Nato a Monaco nel 1954, e cresciuto tra Canada Stati Uniti ed Europa, fino al 1973 studia alla Berkeley University della California, per poi spostarsi alla Folkwang School di Essen, dove segue i corsi di Otto Steinert. Nel 1994 si trasferisce a Hong Kong , dove vive tuttora, prima con un contratto per la rivista «Stern», poi concentrandosi esclusivamente su ricerche autoriali. Il suo lavoro si sviluppa per grandi capitoli, dentro i quali lui si muove come un collezionista e un voyeur. «Sono molto curioso della gente, e la fotografia mi permette di soddisfare questa urgenza». Il suo è un continuo sbirciare per «entrare nella vita degli altri, bussare alla loro porta». Nascono da questo momento le molte serie per cui è noto: dal continuum architettonico di «Transparent City» alla folla schiacciata contro i finestrini del metro in «Tokyo Compression», da «A Series of Unfortunate Events», dove per la prima volta utilizza Google Street View, a «Real Fake Art», fino agli indecifrabili e sgranati «Portraits», e alla bidimensionalità degli edifici che diventano pure quinte geometriche in «Architecture of Density».

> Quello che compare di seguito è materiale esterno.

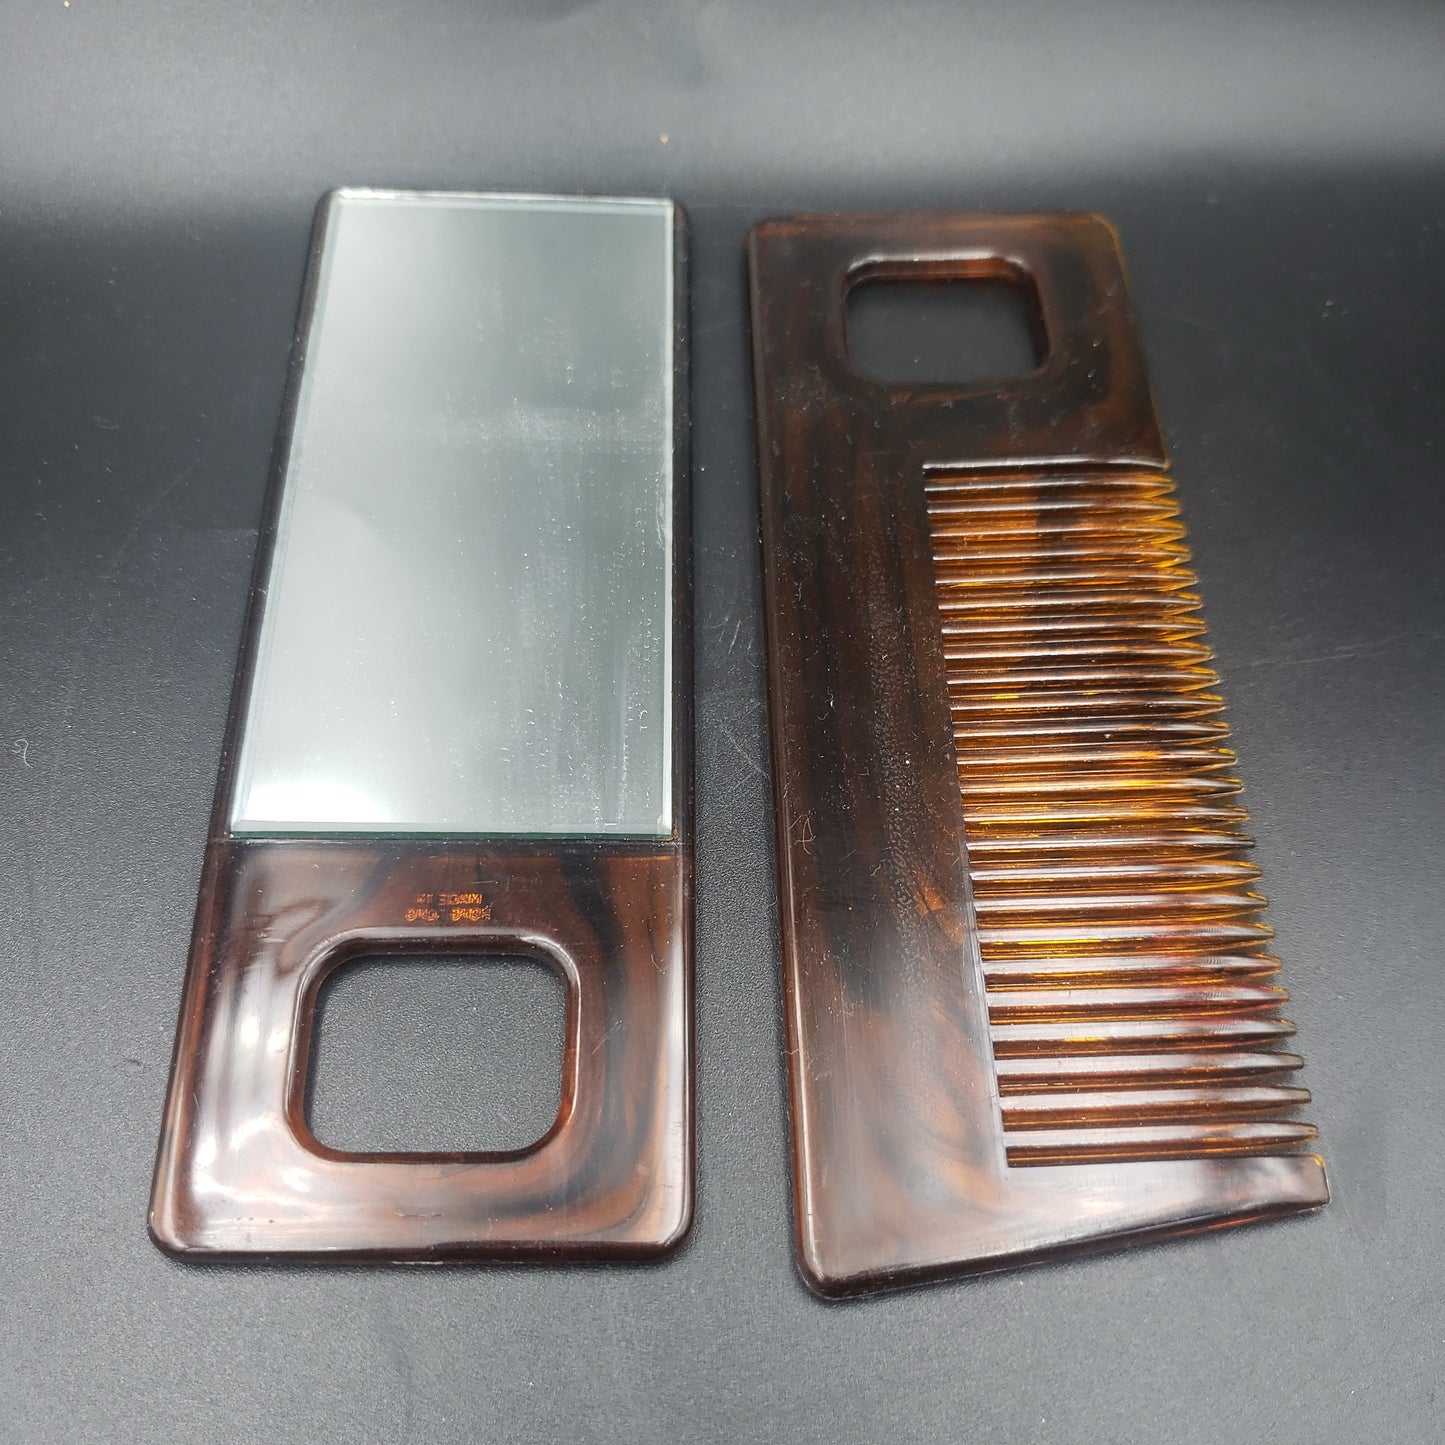 Travel mirror and comb set

Queste e altre sono diventati libri, diciassette dei quali pubblicati con Peperoni Books, in stretta collaborazione con Hannes Wanderer, fondatore e direttore della casa editrice berlinese, di cui Micamera presenta un’ampia scelta di titoli. Questa collaborazione è stata occasione per spiegare nel pop-up store la relazione tra progetto fotografico e la sua traduzione editoriale, «in un workshop pensato per chi vuole conoscere a fondo il processo che porta alla nascita di un libro».

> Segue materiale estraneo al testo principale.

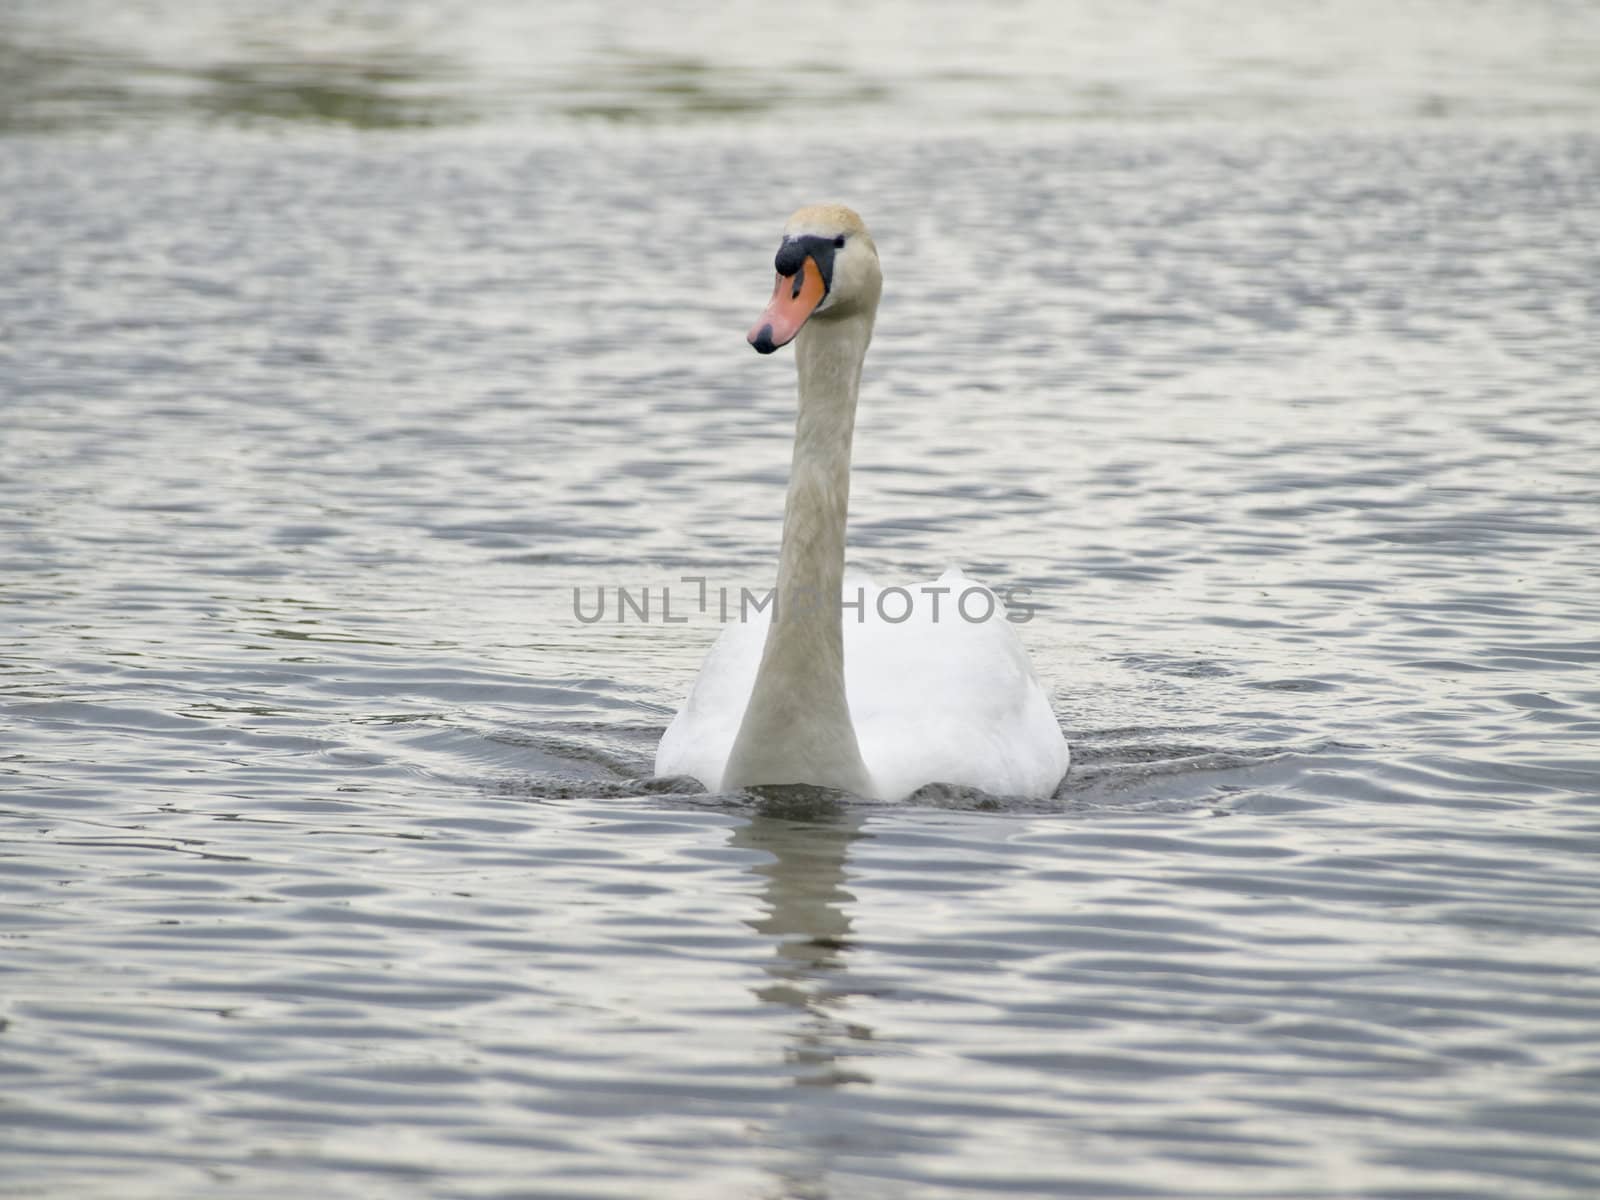 Swimming swan by SNR

Le immagini esposte fino al 22 luglio, oltre alle celebri facciate di edifici resi «come pattern archietettonici», sono una selezione da «Hong Kong Back Alley», un viaggio tra i vicoli nascosti dietro l’ufficialità pubblica della metropoli, tra il susseguirsi di cortili soffocanti, il correre di tubature e impianti elettrici, in un tessuto di oggetti accatastati, sedie, guanti di gomma, scope, appendini, tutto ricomposto in un universo segreto dove il passaggio dell’uomo si afferma in ogni dettaglio. È questo continuo richiamo della presenza umana che Wolf va a cercare, anche quando riprende i grattacieli, quando scova i loro abitanti oltre le finestre, quando va a ingrandire per ottenere il fotogramma di una storia, quando scorre e preleva nuove inquadrature da Street View. Anche nell’apparente astrattismo bidimensionale dove schiaccia la città, Wolf non fa che procedere alla rilevazione delle esistenze, e dello stare al mondo degli individui come massa di solitudini.